How to read bytes from file

Question

I'm trying to read the length of some metadata from a .lrf file. (Used with the program LoLReplay)

There's not really documentation on these files, but I have already figured out how to do this in C++. I'm trying to re-write the project in python for multiple reasons, but I come across an error.

To first explain, the .lrf file has metadata immediately at the start of the file in this format:

• first 4 bytes are for something I have no clue about.

• next 4 bytes store the length of the metadata in hexidecimal, up until the end of the metadata, which after is the actual contents of the replay.
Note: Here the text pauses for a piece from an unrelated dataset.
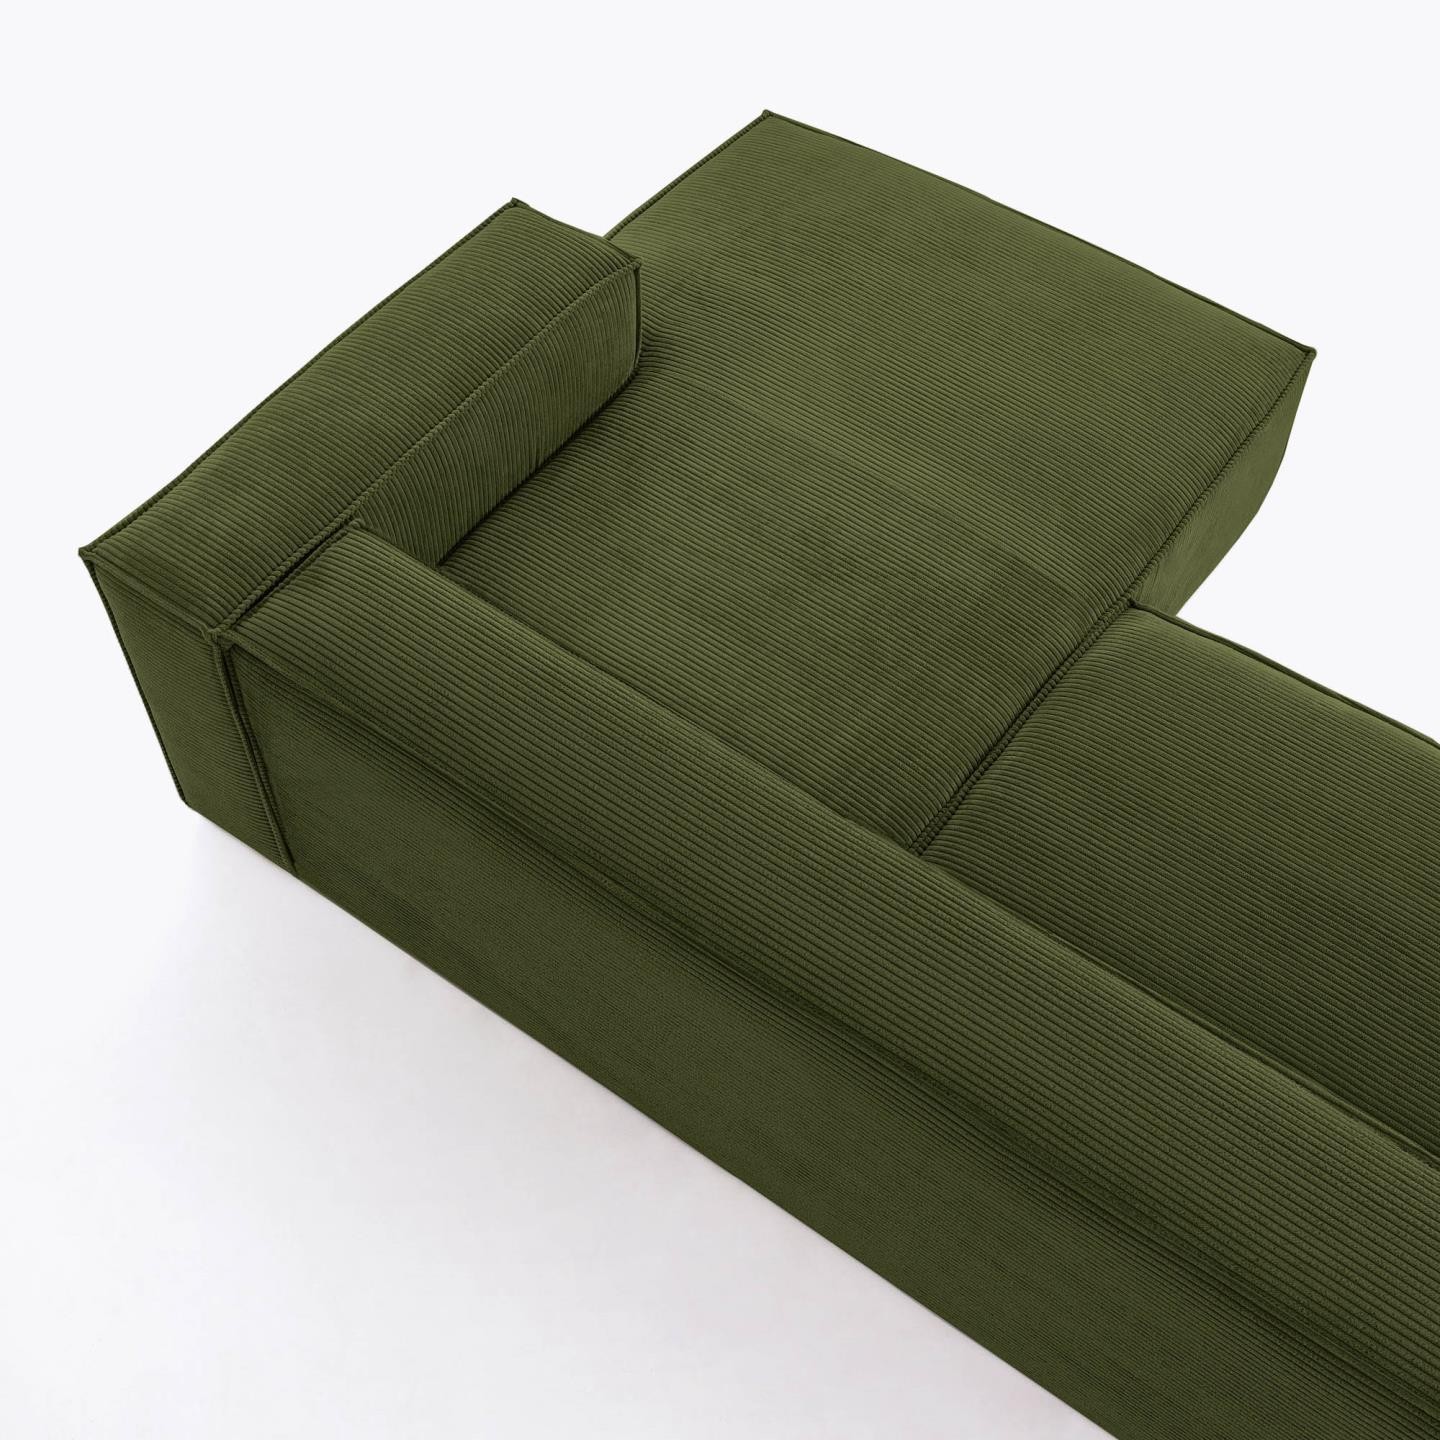 Sofa Blok 2-osobowa z szezlongiem prawostronnym, zielona

• bytes after the initial 8 bytes are the metadata in json format

The problem I'm having is actually reading the metadata length. This is the current function I have:

def getMetaLength(self):
    try:
        file = open(self.file,"r")
    except IOError:
        print ("Failed to open file.")
        file.close()
    #We need to skip the first 4 bytes.
    file.read(4)
    mdlength = file.read(4)
    print(hex(mdlength))
    file.close()

When I call this function, the shell returns a traceback stating:

    Traceback (most recent call last):
    File "C:\Users\Donald\python\lolcogs\lolcogs_main.py", line 6, in <module>
    lolcogs.getMetaLength()
    File "C:\Users\Donald\python\lolcogs\LoLCogs.py", line 20, in getMetaLength
    file.read(4)
    File "C:\Python32\lib\encodings\cp1252.py", line 23, in decode
    return codecs.charmap_decode(input,self.errors,decoding_table)[0]
    UnicodeDecodeError: 'charmap' codec can't decode byte 0x81 in position 3648:       character maps to <undefined>

My best guess is that read() is trying to read characters that are encoded in some unicode format, but these are definitely just bytes that I am attempting to read. Is there a way to read these as bytes? Also, is there a better way to skip bytes when you are attempting to read a file?

Answer 1

In Python 3 files are opened in text mode with the system's encoding by default. You need to open your file in binary mode:

file = open(self.file, 'rb')

Another problem you will run into is that file.read(4) will give you a string of 4 bytes (which the hex function doesn't understand). And you possibly want an integer. For that, refer to int.from_bytes, or, more generally, to the struct module. Then you can print that number in hexadecimal format as so:

mdlength = int.from_bytes(file.read(4), byteorder='big')
print(hex(mdlength))

Answer 2

Binary files should be handled in binary mode:

f = open(filename, 'rb')

For skipping bytes, I typically use file seek (SEEK_CUR or SEEK_SET) or I just do arbitrary file.read(n) if I didn't want to bother with formality. Only time I really use seeking is if I wanted to jump to a specific position.

Interpreting binary data I just stick to the unpack method provided by the struct module, which makes it easy to define whether you want to interpret a sequence of bytes as an int, float, char, etc. That's how I've been doing it for years so maybe there are more efficient approaches like the from_bytes method described in other answers.

With the struct module you can do things like

struct.unpack("3I", f.read(12))

To read in 3 (unsigned) integers at once. So for example given the format you've reversed engineered I would probably just say

unk, size = struct.unpack("2I", f.read(8))
data = f.read(size)

Answer 3

You should open the file in binary mode: open(filename, 'rb').